The shutdown I wanted to test was to create a forced shutdown through an interrupt. I initially tried this with setting up multiple exporters with a single
LoggerProvider
and got a panic from this line https://github.com/open-telemetry/opentelemetry-rust/blob/36c2a8e0a3c7077b824af78119bfa72ce31a6cd6/opentelemetry-sdk/src/logs/log_emitter.rs#L86 which I think is expected behavior.Would taking the same approach with multiple
LoggerProvider
references in separate tasks be a similar scenario?
Looking at our API and the spec I actually think we might need a change. https://github.com/open-telemetry/opentelemetry-specification/blob/main/specification/logs/sdk.md#shutdown
Right now i think this panic isn't actually doing what I would want/expect. There's already a result being returned. In this case it's a vec of results but I feel like we should be passing back a default of Vec
error result.
Shutdown SHOULD provide a way to let the caller know whether it succeeded, failed or timed out.

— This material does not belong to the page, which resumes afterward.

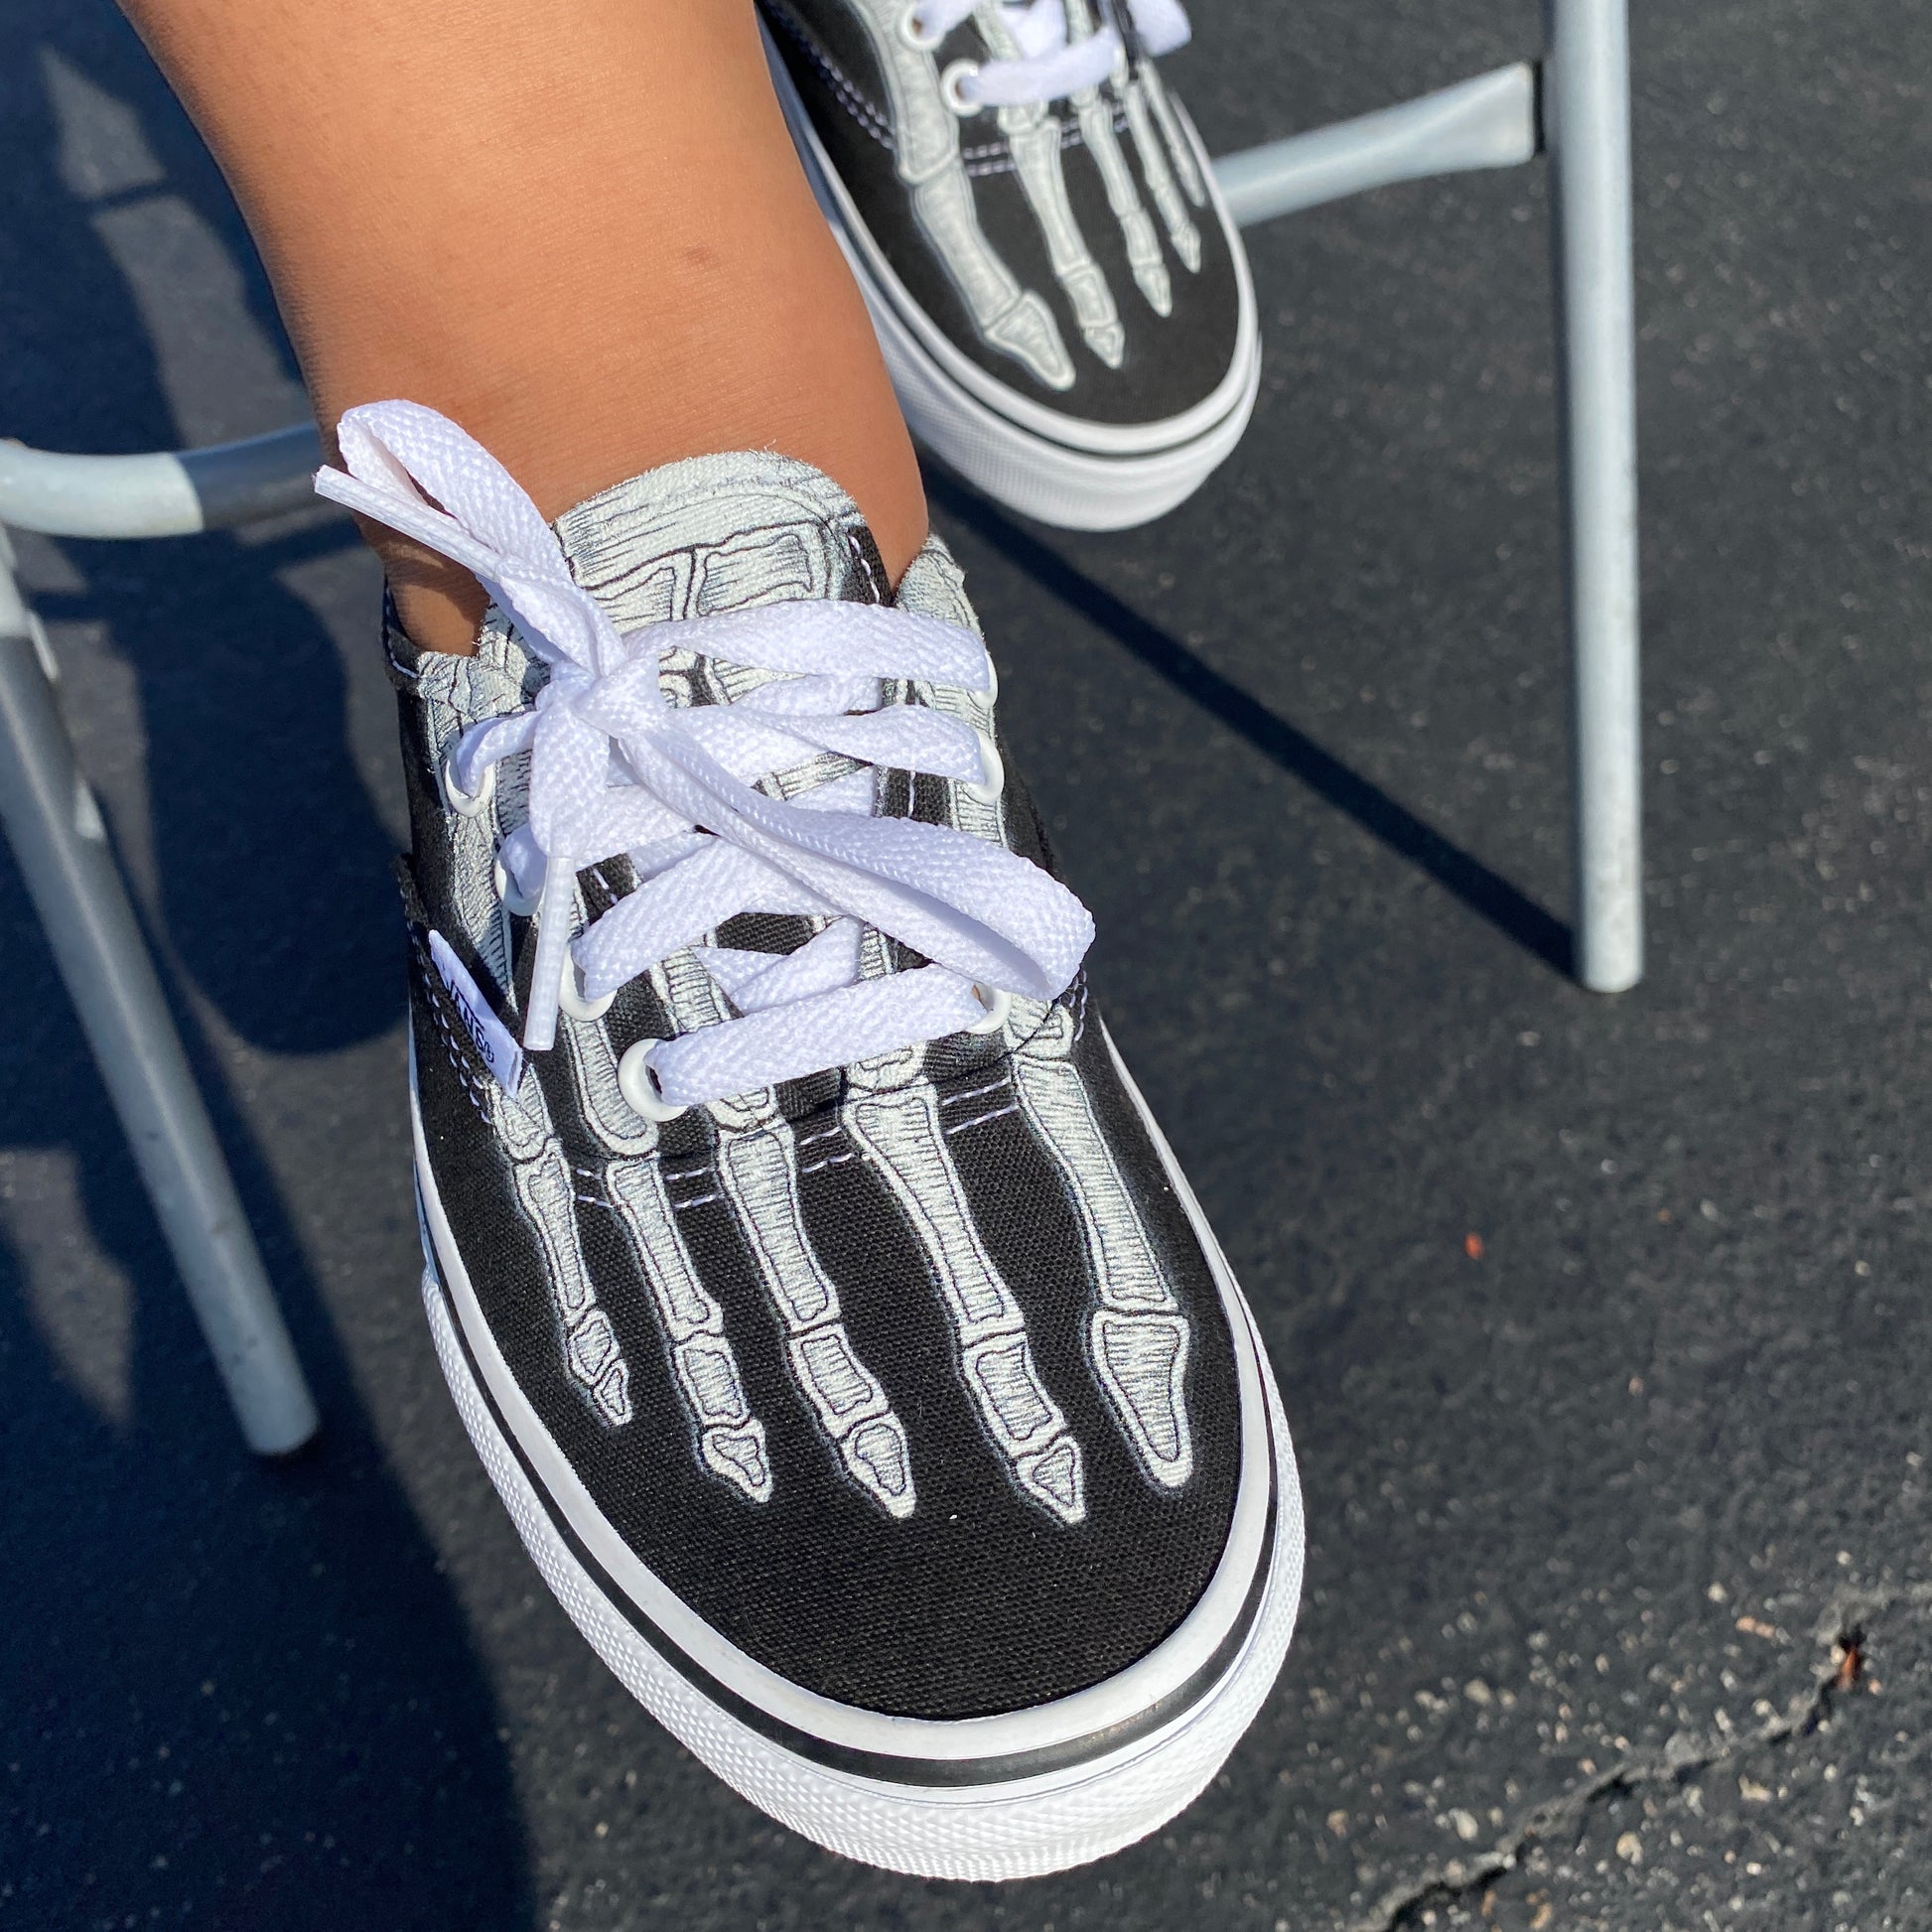 Skeleton Boney Feet Custom Vans Slip on Shoes

Panics don't really "let the caller know".
Tests are added now and we should be good to close this. https://github.com/open-telemetry/opentelemetry-rust/issues/1042#issuecomment-2109009422 is still required to be resolved, but that is separate (though shutdown related!)
Reopening, as few topics were discussed here, but not really resolved.. (Will check how to expand the tests to cover everything.)
Thinking about this scenario again, it seems that the potential issue of leaking providers might not be as significant if we can document it clearly to explain the risk. Specifically, providers could be leaked if any of the tasks indefinitely retain their reference, which can result in a shutdown not triggering.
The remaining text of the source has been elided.